Os jovens das aldeias apreciam muito e lançam mão dos recursos tecnológicos para suas produções artísticas. Angela envolveu esses jovens para gravar as histórias dos velhos da aldeia a fim de criar um produto cultural (livro e CD) com as narrativas coletadas; também os envolveu na produção das ilustrações e edição dessas narrativas. Todo o processo focalizou a valorização das histórias e do papel dos velhos, bem como a formação de um acervo em áudio e vídeo trazendo o pensamento dos povos indígenas com toda sua força, beleza e profundidade.

Ailton Krenak também se mostrou esperançoso com o potencial desse tipo de ação cultural (que se utiliza das novas tecnologias) para que as crianças e jovens se reconectem com a tradição de seus antepassados, pelo que é verdadeiro na herança cultural dos ancestrais.

A tarde terminou com a apresentação de Jera Giselda Guarani e do Coral da aldeia M’bya Guarani Tenondé Porã, suas crianças e adolescentes fecharam o encontro brincando, dançando e cantando canções sagradas dos Guarani.

Jera em sua fala

Jera é uma das líderes da aldeia, localizada na cidade de São Paulo, no bairro de Parelheiros, onde vivem aproximadamente mil pessoas. Tenondé Porã significa “Belo futuro”; a aldeia sobrevive em um bairro de periferia e empreende uma luta para ampliar os perímetros da terra Guarani. A língua materna de seus habitantes é o guarani, seu principal símbolo de cultura; além da língua, os indígenas mantêm outras tradições, como a dança, o canto e a religião.

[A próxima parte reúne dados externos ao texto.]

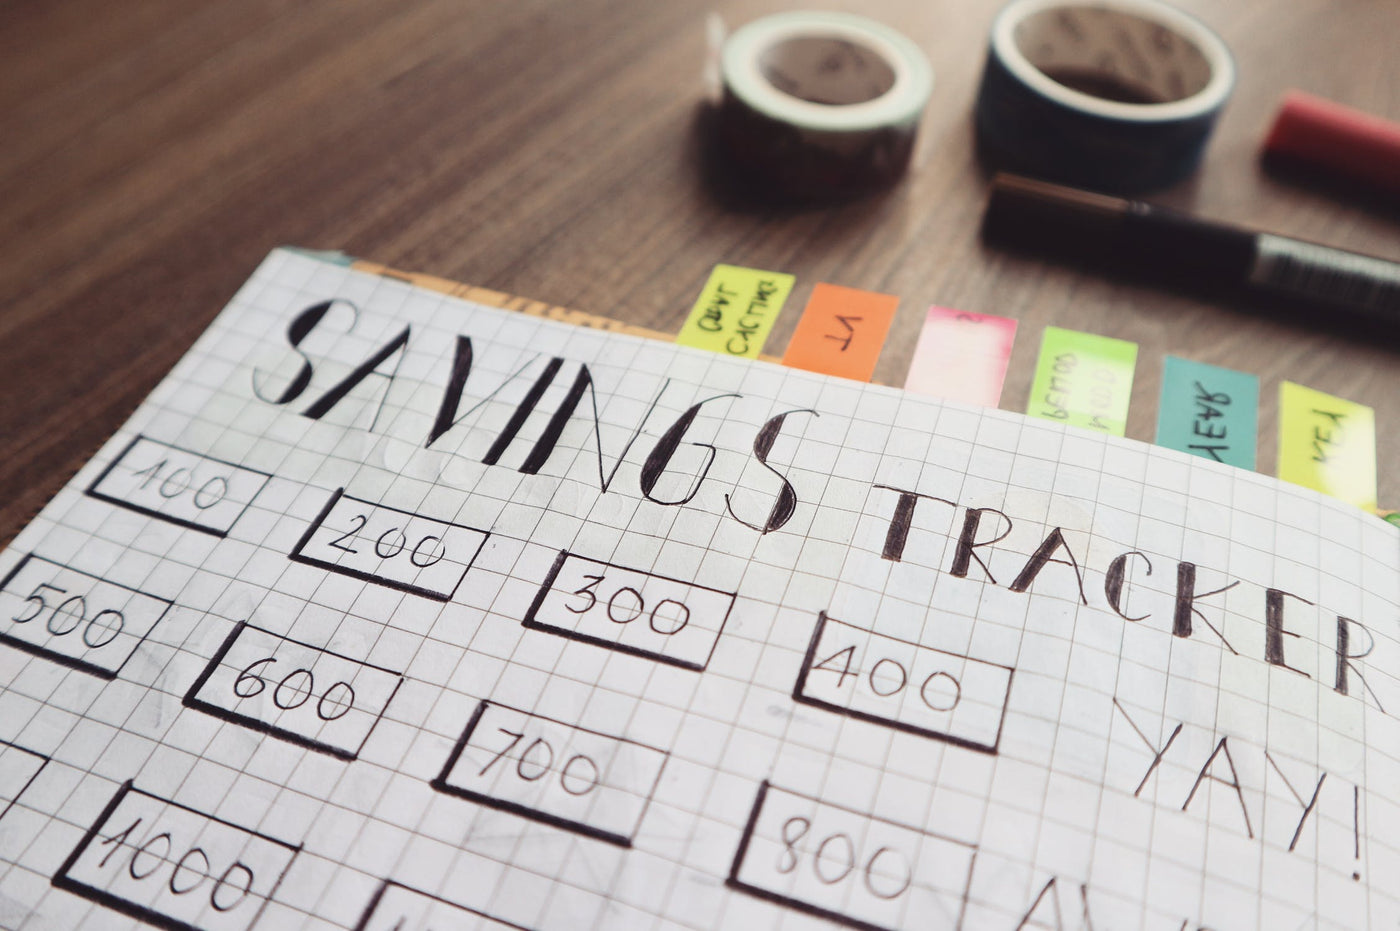 Savings Tracker To Help Improve Finances

A líder Jera respondeu a questões sobre a luta pela ampliação do território Guarani, uma briga que já tem 30 anos. Em 2012, os índios conseguiram que a FUNAI reconhecesse seu direito a um pedaço de terra maior, mas o processo está parado desde então no Ministério da Justiça, que precisa assiná-lo para que a demarcação seja feita.  Além da Tenondé Porã, outras aldeias em São Paulo aguardam a assinatura do ministro José Eduardo Cardoso. Em 2014, uma série de atos para reivindicar a assinatura de Cardozo está sendo organizada. Jera agradeceu a pergunta e relatou a luta de seu povo, convidando os presentes para se unirem a ele no próximo ato.

A apresentação dos índios sensibilizou as pessoas, encantadas com sua simplicidade e verdade. Jera convidou-as para dançar e brincar com eles; grande parte do público aceitou o convite e se divertiu com as crianças.

Jera e meninas

Foi um final festivo para uma tarde em que as pessoas presentes puderam conhecer um pouco mais sobre diferentes culturas indígenas brasileiras, que, apesar de distintas, apresentam uma raiz comum: a luta para preservar as tradições milenares dos primeiros povos de nossa terra. Um dos principais instrumentos dessa luta é o conhecimento, é levar os não índios a conhecerem o imenso patrimônio vivo nas aldeias indígenas do país, para que percebam a importância de sua preservação.

As narrativas indígenas relatam as histórias desses povos e precisam ser contadas. Abrir espaços como este, para ouvir as narrativas e conversar com os índios sobre suas sabenças, é fundamental para que as pessoas conheçam as primeiras nações de nossa terra e, em decorrência disso, as respeitem em suas dimensões éticas, sociais, religiosas, filosóficas e políticas.